With ABIL in mind, he cautions it’s important to determine whether the challenges the business faces have led to a permanent impairment to the future cash flows that underlie intrinsic value. “If this is the case, a further capital injection won’t lead to a better outcome, and we’d be pouring good money after bad.”
When a company has specific funding problems or hits a particularly bad patch in its operating cycle, but remains an intrinsically good business that can recover, investors tend to have sympathy and follow their rights. Court highlights one such example. “In mid-2014, JD Group engaged in a rights issue in order to redeem outstanding convertible debentures and strengthen its balance sheet. The credit retail industry that JD is exposed to was (and still is) going through a tough time. The rights issue price of R25 was below our estimate of intrinsic value post the transaction, and accordingly we followed these rights. In May 2015 the JD Group is in the process of being fully acquired at R34/share by controlling shareholder Steinhoff.”
Rights issues for growth are an entirely different animal. As a small cap specialist, Mclachlan often sees these corporate events in young companies. “These are emerging operations that are growing so fast they are straining their balance sheets and need to turn to the market for funding – hence the likely reason for their original public listing. The rights issue will allow them to manage the solvency and liquidity risk of their fast growing balance sheets. As a shareholder, your rights funding will go into assets that generate revenue and profitability.”
In this category, Mclachlan cites small cap Curro as a favourable example.
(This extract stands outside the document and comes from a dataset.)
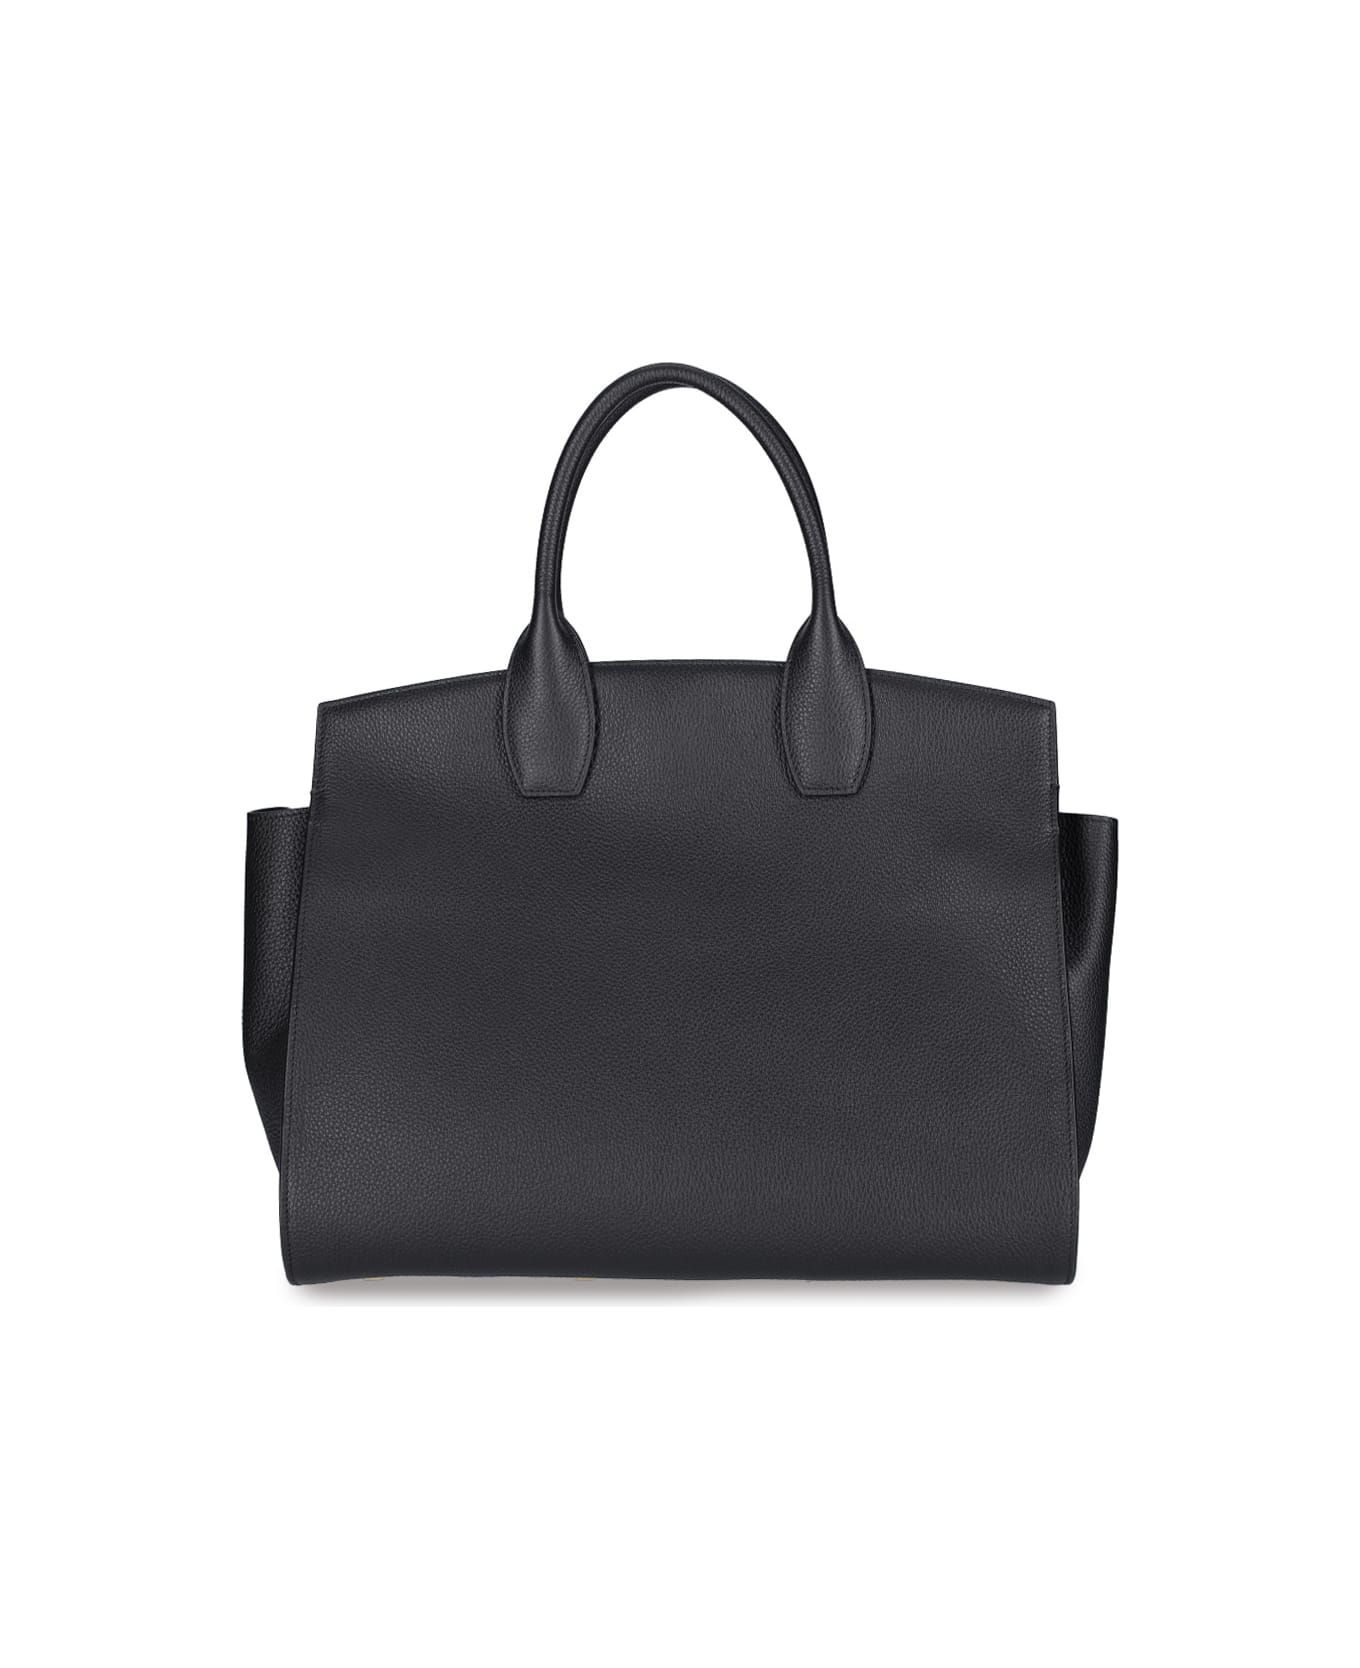 Ferragamo 'studio' Medium Hand Bag - Black

RECM points out Invicta and Discovery as companies which have had rights issues leading to demonstrable growth and value creation, and Court points to the Mediclinic announcement of a rights issue that will fund the acquisition of Spire Healthcare.
In considering a rights offer, it’s also important to observe what company directors, management and large private shareholders are doing. “I want these guys to be following all of their rights” says the private investor. “It is very telling if they are not willing to commit their own funds – and in full.”